思路
- 题意
- RMQ问题
- 分析
-
用ST表 或 线段树
-
代码
#include <iostream>
#include <stdio.h>
#include <string.h>
#include <math.h>
#include <algorithm>
#include <string>
#include <queue>
#include <map>
/* #include <unordered_map> */
#include <bitset>
#include <vector>
void fre() { system("clear"), freopen("A.txt", "r", stdin); freopen("Ans.txt","w",stdout); }
void Fre() { system("clear"), freopen("A.txt", "r", stdin);}
#define ios ios::sync_with_stdio(false)
#define Pi acos(-1)
#define pb push_back
#define fi first
#define se second
#define ll long long
#define ull unsigned long long
#define db double
#define Pir pair<int, int>
#define PIR pair<Pir, Pir>
#define m_p make_pair
#define INF 0x3f3f3f3f
#define esp 1e-7
#define mod (ll)(1e9 + 7)
#define for_(i, s, e) for(int i = (ll)(s); i <= (ll)(e); i ++)
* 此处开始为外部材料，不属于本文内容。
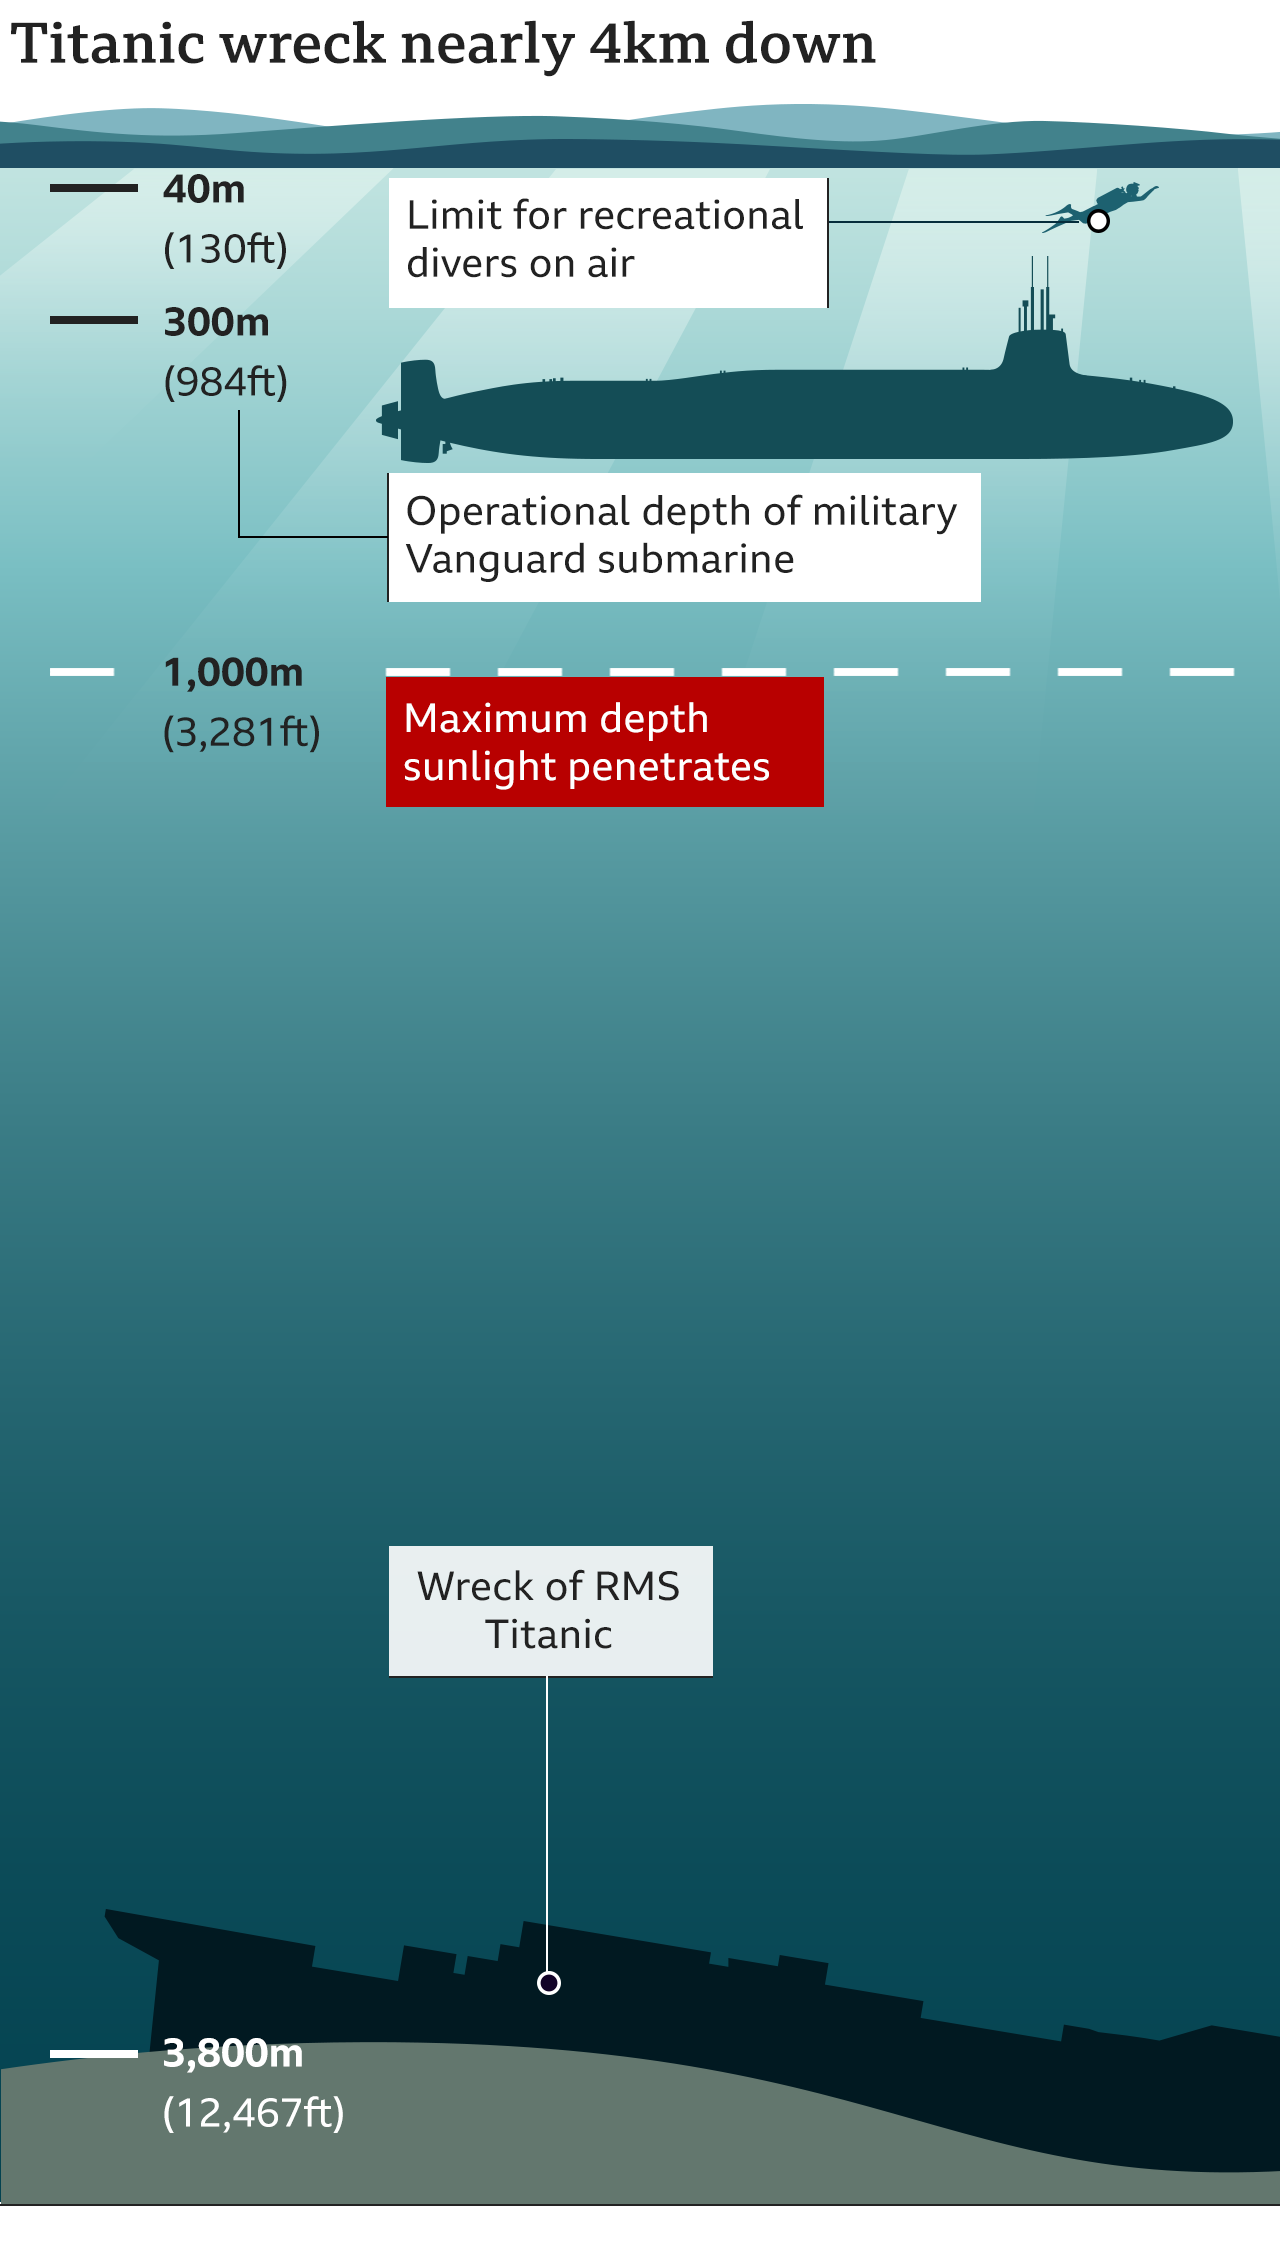 Graphic showing the Titanic wreck is 3,800m below sea level way below the 40m a recreational diver can descend to or even the 300m operational depth of a Vanguard submarine

#define rep_(i, e, s) for(int i = (ll)(e); i >= (ll)(s); i --)
#define sc scanf
#define pr printf
#define sd(a) scanf("%d", &a)
#define ss(a) scanf("%s", a)
using namespace std;
const int mxn = 5e4 + 10;
int ar[mxn];
int st1[mxn][30], st2[mxn][30];
int Log[mxn];
void ST(int n)
{
Log[1] = 0;
for_(i, 2, n) Log[i] = Log[i / 2] + 1;
for_(i, 1, n) st1[i][0] = st2[i][0] = ar[i];
for(int j = 1; (1 << j) <= n; j ++)
for(int i = 1; i + (1 << j) - 1 <= n; i ++)
{
st1[i][j] = max(st1[i][j - 1], st1[i + (1 << (j - 1))][j - 1]);
st2[i][j] = min(st2[i][j - 1], st2[i + (1 << (j - 1))][j - 1]);
}
}
int main()
{
/* fre(); */
int n, q;
sc("%d %d", &n, &q);
for_(i, 1, n)
sd(ar[i]);
ST(n);
int l, r;
while(q --)
{
sc("%d %d", &l, &r);
int k = Log[r - l + 1];
int mx = max(st1[l][k], st1[r - (1 << k) + 1][k]);
int mn = min(st2[l][k], st2[r - (1 << k) + 1][k]);
printf("%d\n", mx - mn);
}
return 0;
}